Pytorch搭建神经网络（2）自动求导autograd、反向传播backward与计算图

基于《深度学习框架 Pytorch 入门与实践》陈云

参考 Github 的 pytorch-book 项目

参考 GitHub 的 pytorch-handbook 项目

笔记和代码存储在我的 GitHub 库中 github.com/isKage/pytorch-notes。

torch.autograd 提供了一套自动求导方式，它能够根据前向传播过程自动构建计算图，执行反向传播。

1 autograd 的数学原理：计算图

计算图原理可以查看 cs231n 课程讲解：【计算图的原理非常重要！

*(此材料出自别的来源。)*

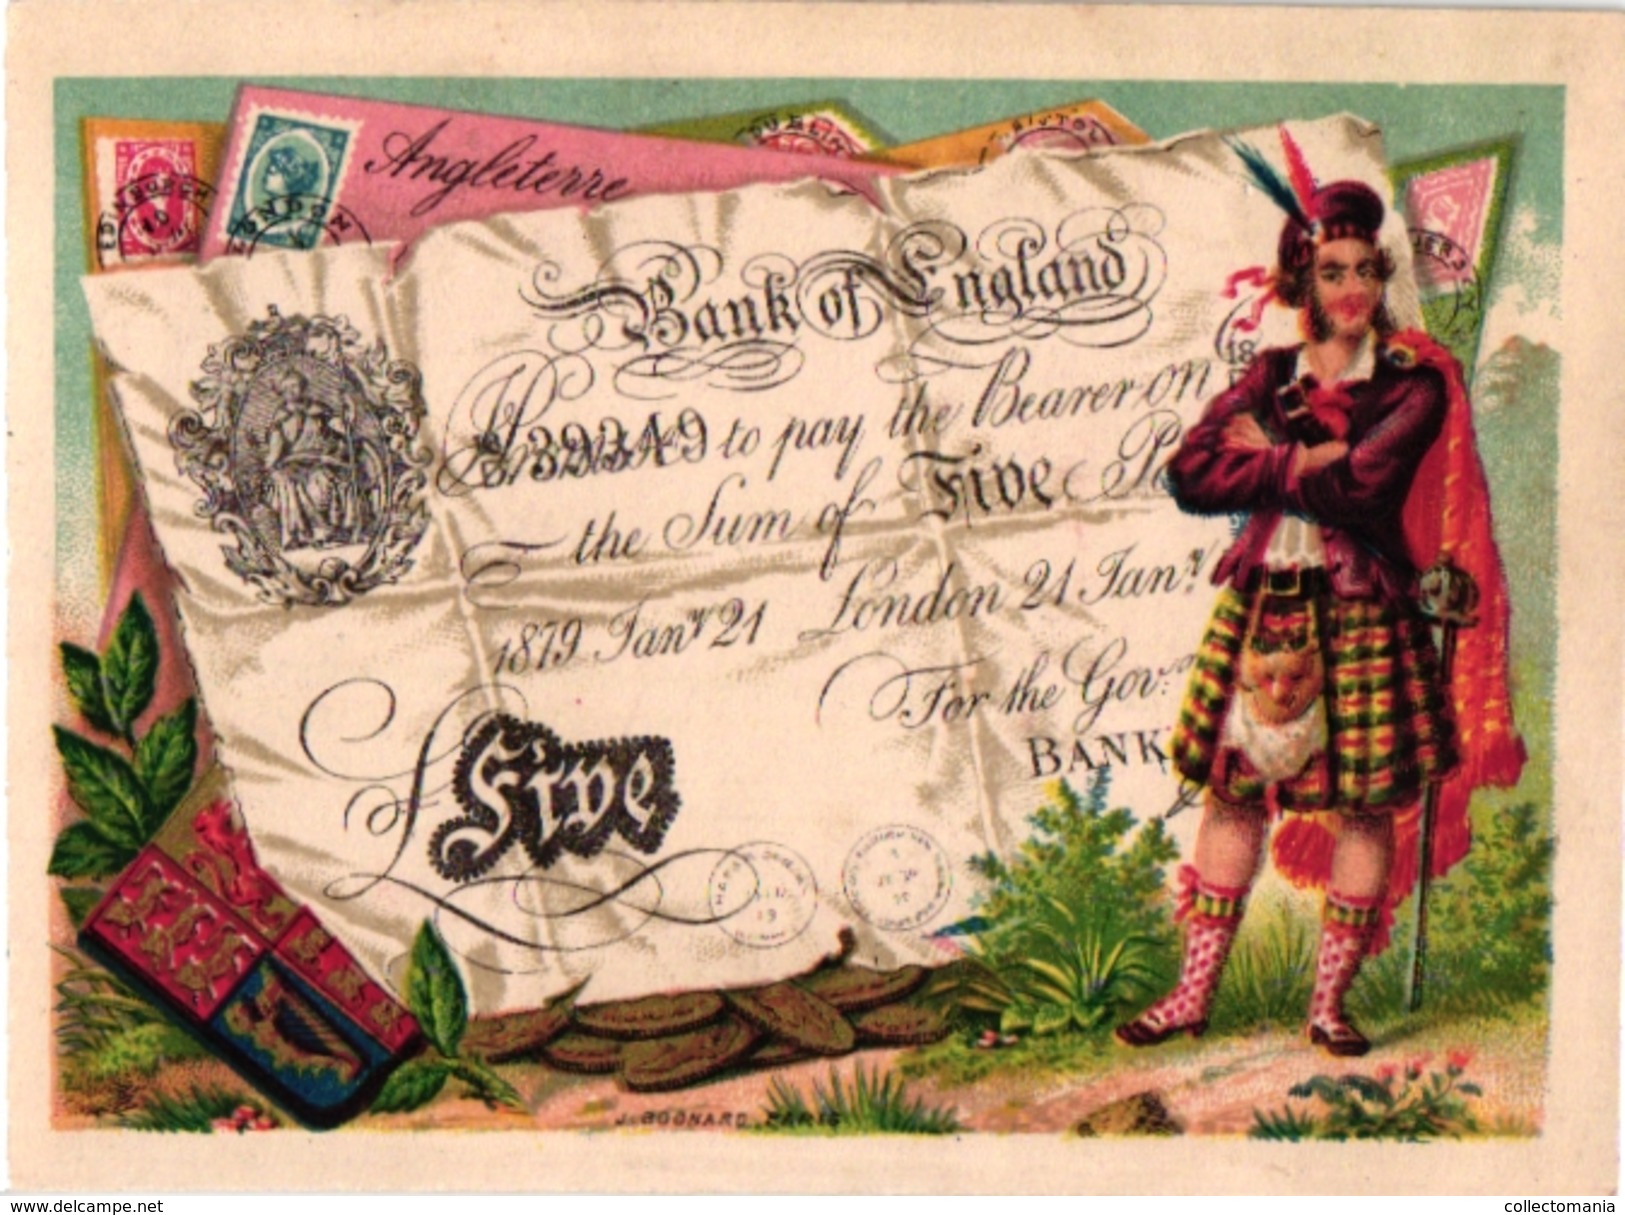 10 Trade Cards Chromo Full Serie Complet SPAIN ESPANA PUB La COLOSAL  CHOCOLATE  SANTANDER CALENDER CALENDARIO 1881 - Grand Format : ...-1900

】或者见后文分析

英文官网 https://cs231n.github.io/

b站课程整理 BV1nJ411z7fe 【反向传播章节】

b站中文讲解【子豪兄】精讲CS231N斯坦福计算机视觉公开课（2020最新）

2 autograd 的使用：requires_grad & backward

2.1 requires_grad 属性

只需要对Tensor增加一个 requires_grad=True 属性，Pytorch就会自动计算 requires_grad=True 属性的 Tensor，并保留计算图，从而快速实现反向传播。

# Method 1
x = torch.randn(2, 3, requires_grad=True)

# Method 2
x = torch.rand(2, 3).requires_grad_()

# Method 3
x = torch.randn(3, 4)
x.requires_grad = True

print(x.requires_grad)  # True

2.2 backward 反向传播

反向传播函数的使用：其中第一个参数 tensors 传入用于计算梯度的张量，格式和各个参数

1	torch.autograd.backward(tensors, grad_tensors=None, retain_graph=None, create_graph=False)

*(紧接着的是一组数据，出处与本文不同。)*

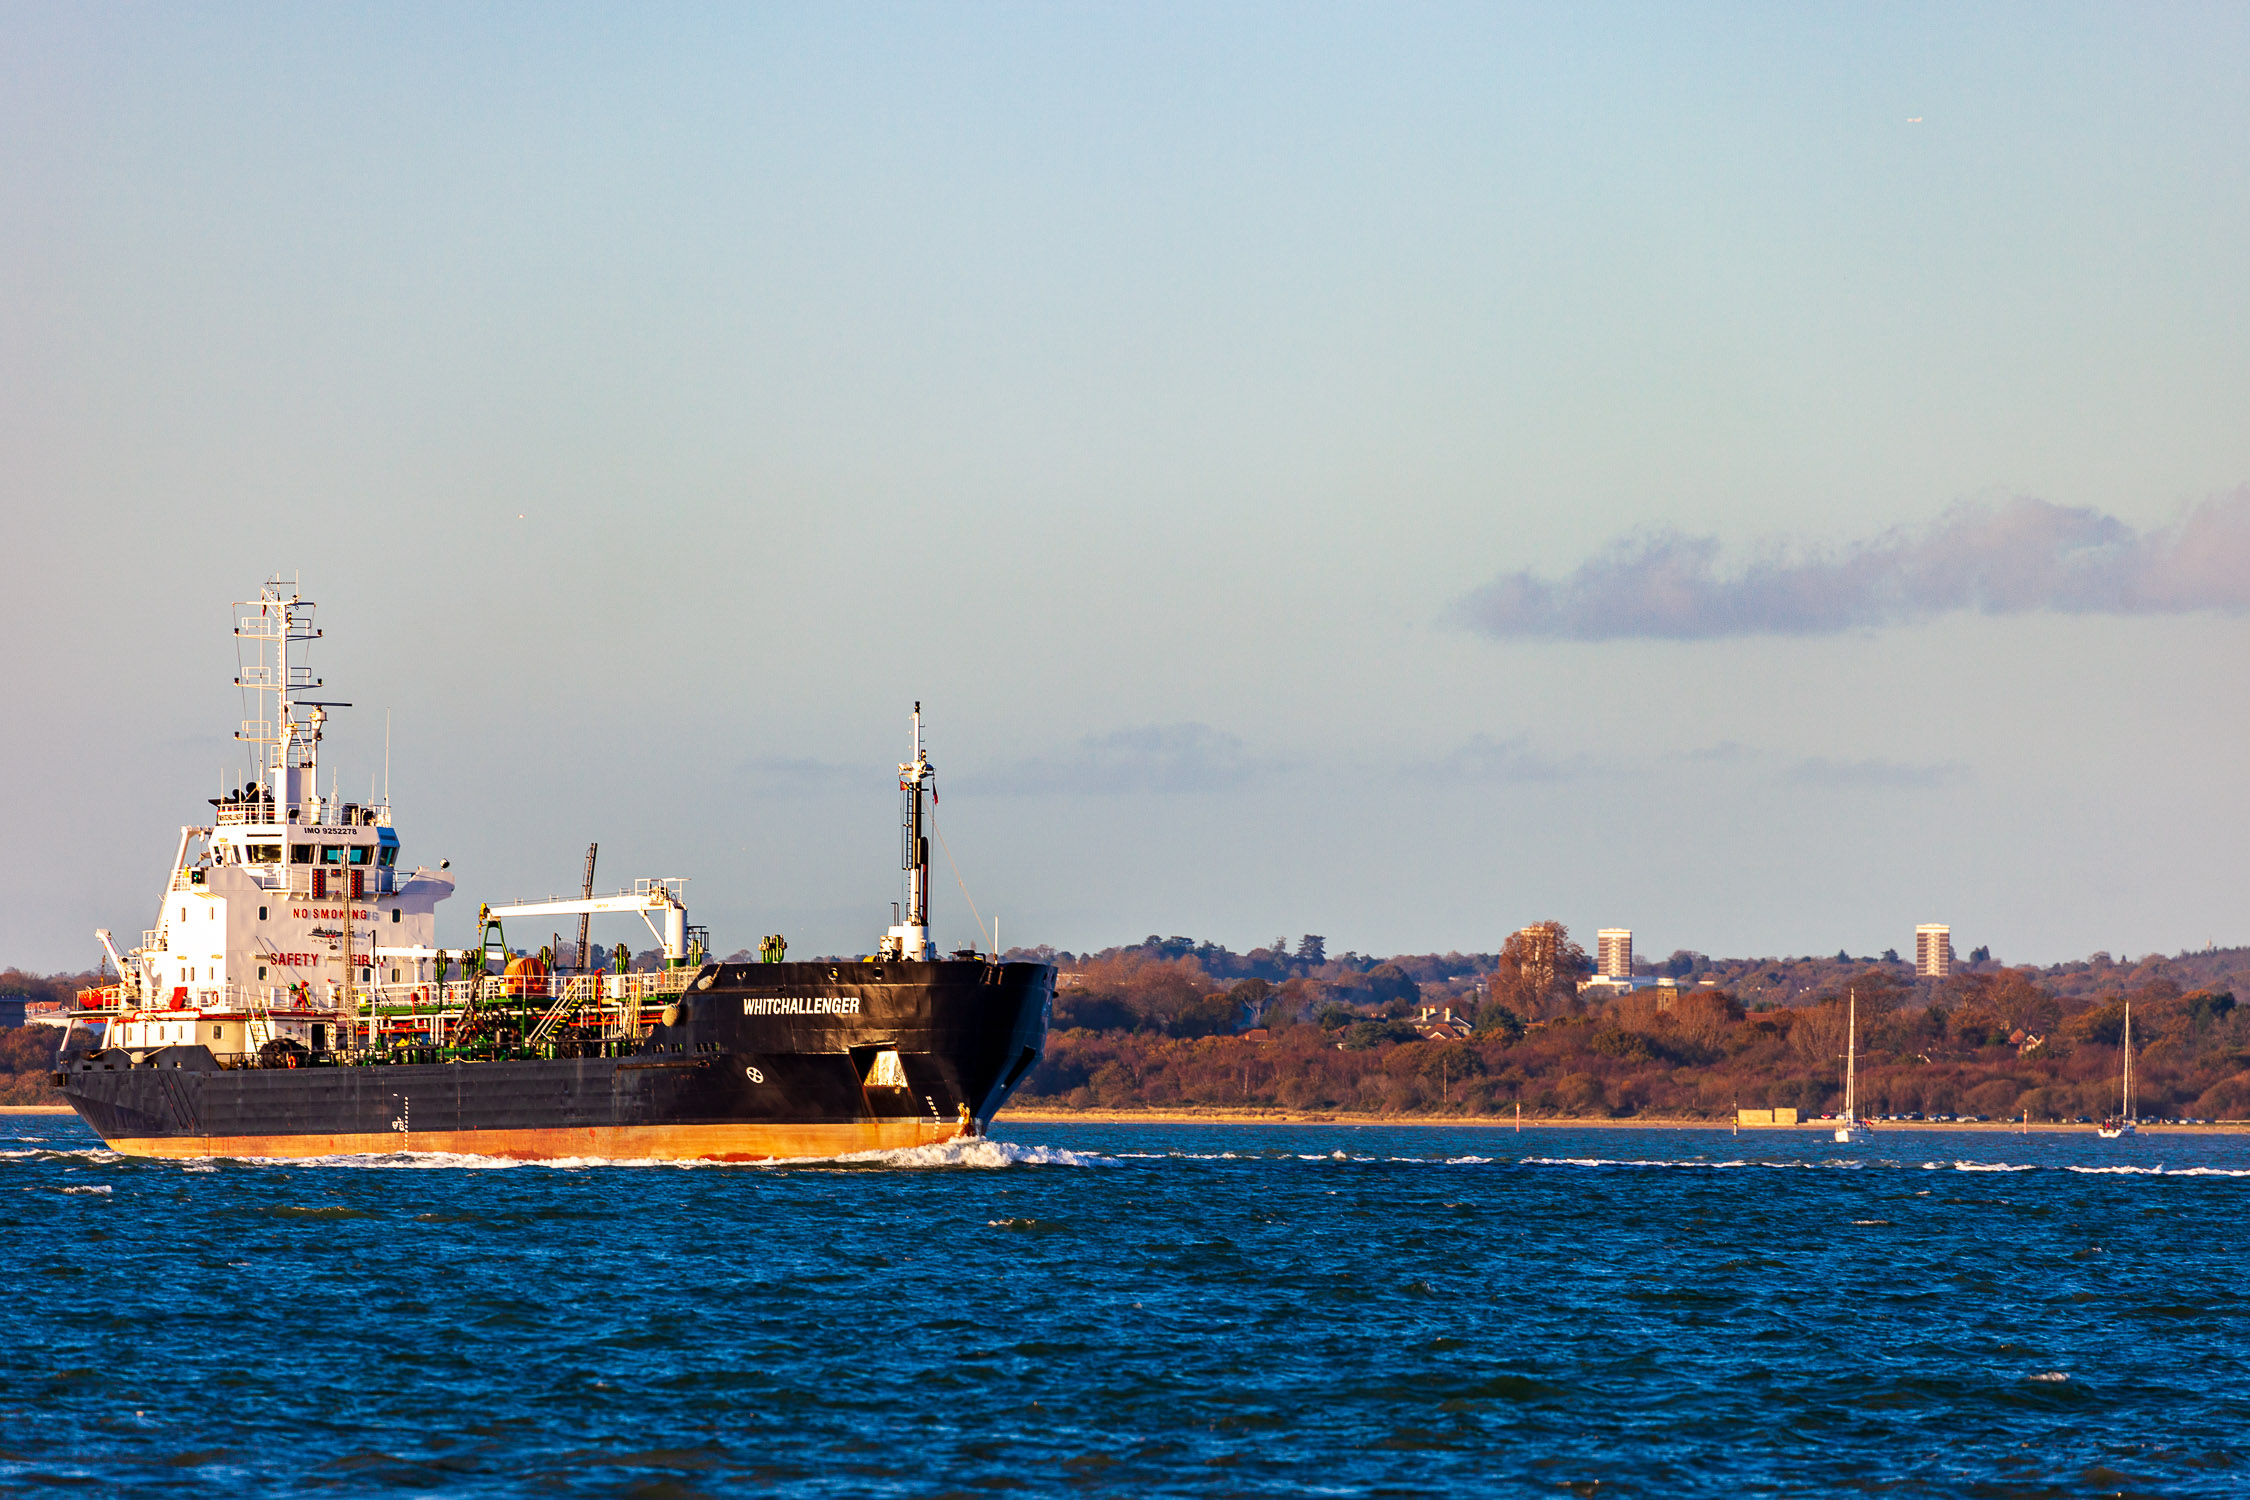 Ships on Southampton Water

tensors：用于计算梯度的Tensor，如torch.autograd.backward(y)，等价于y.backward()。
grad_tensors：形状与tensors一致，对于y.backward(grad_tensors)，grad_tensors相当于链式法则${\mathrm{d}z \over \mathrm{d}x}={\mathrm{d}z \over \mathrm{d}y} \times {\mathrm{d}y \over \mathrm{d}x}$中的${\mathrm{d}z} \over {\mathrm{d}y}$。【结合例子理解见后】
retain_graph：计算计算图里每一个导数值时需要保留各个变量的值，retain_graph 为 True 时会保存。【结合例子理解见后】

2.2.1 requires_grad 属性的传递

例：a 需要求导，b 不需要，c 定义为 a + b 的元素加和

a = torch.randn(2, 3, requires_grad=True)
b = torch.zeros(2, 3)
c = (a + b).sum()  # c 受 a 的影响，c.requires_grad = True

a.requires_grad, b.requires_grad, c.requires_grad
# (True, False, True)

2.2.2 is_leaf 叶子结点

对于计算图中的Tensor而言， is_leaf=True 的Tensor称为Leaf Tensor，也就是计算图中的叶子节点。

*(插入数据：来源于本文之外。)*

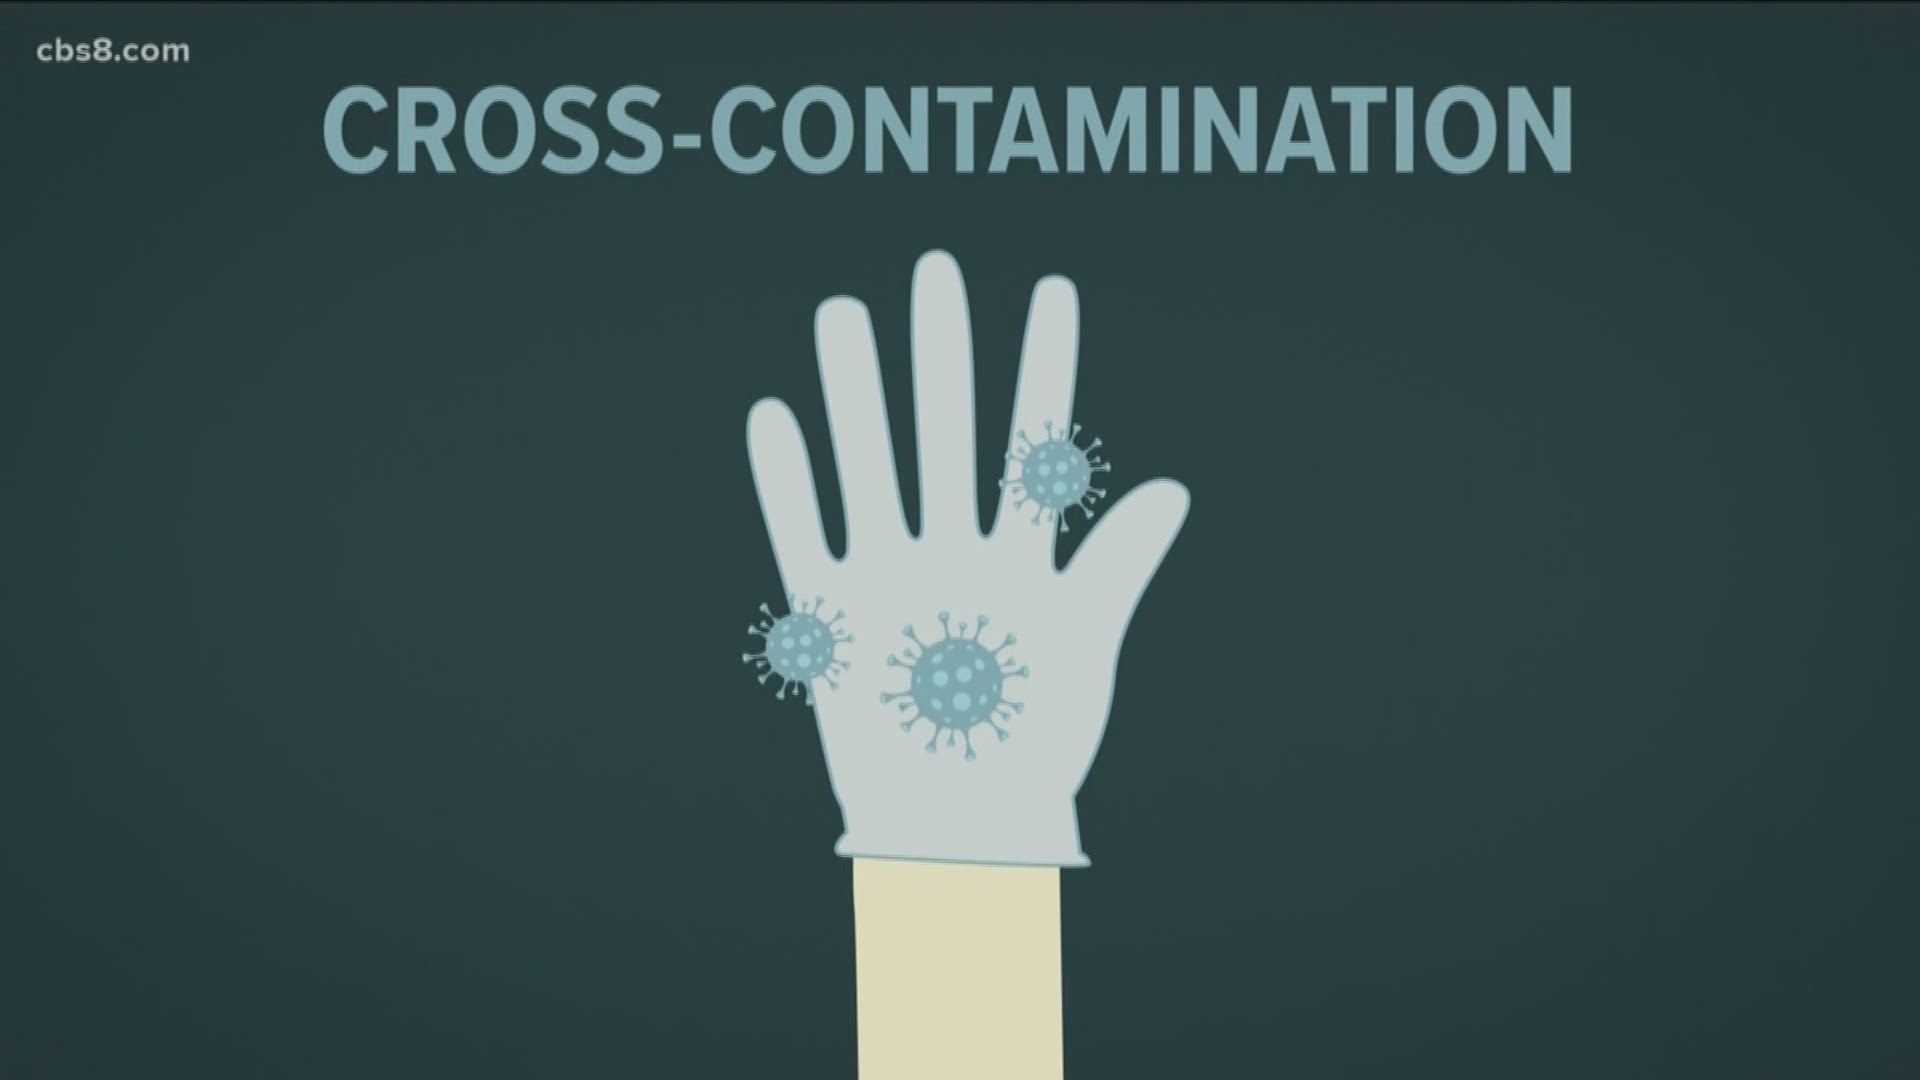 Marcella Lee breaks down the use of gloves to prevent spreading coronavirus/COVID-19

requires_grad=False 时，无需求导，故为叶子结点。
即使 requires_grad=True 但是由用户创建的时，此时它位于计算图的头部（叶子结点），它的梯度会被保留下来。

1
2
3

# 仍然是上面的例子
a.is_leaf, b.is_leaf, c.is_leaf
# (True, True, False)

2.3 autograd 利用计算图计算导数

利用 autograd 计算导数，对于函数 $y=x^2e^x$，它的导函数解析式为

$\begin{equation} \dfrac{d\ y}{d\ x} = 2xe^x + x^2e^x \end{equation}$

定义计算 y 函数和计算解析式导数结果函数

# autograd 求导
# y = x^2 * e^x
def f(x):
    y = x * x * torch.exp(x)
    return y


def df(x):
    df = 2 * x * torch.exp(x) + x * x * torch.exp(x)
    return df

例：随机赋值

x = torch.randn(2, 3, requires_grad=True)
y = f(x)

# y = 
# tensor([[0.1387, 0.4465, 0.4825],
#         [0.1576, 4.1902, 0.5185]], grad_fn=<MulBackward0>)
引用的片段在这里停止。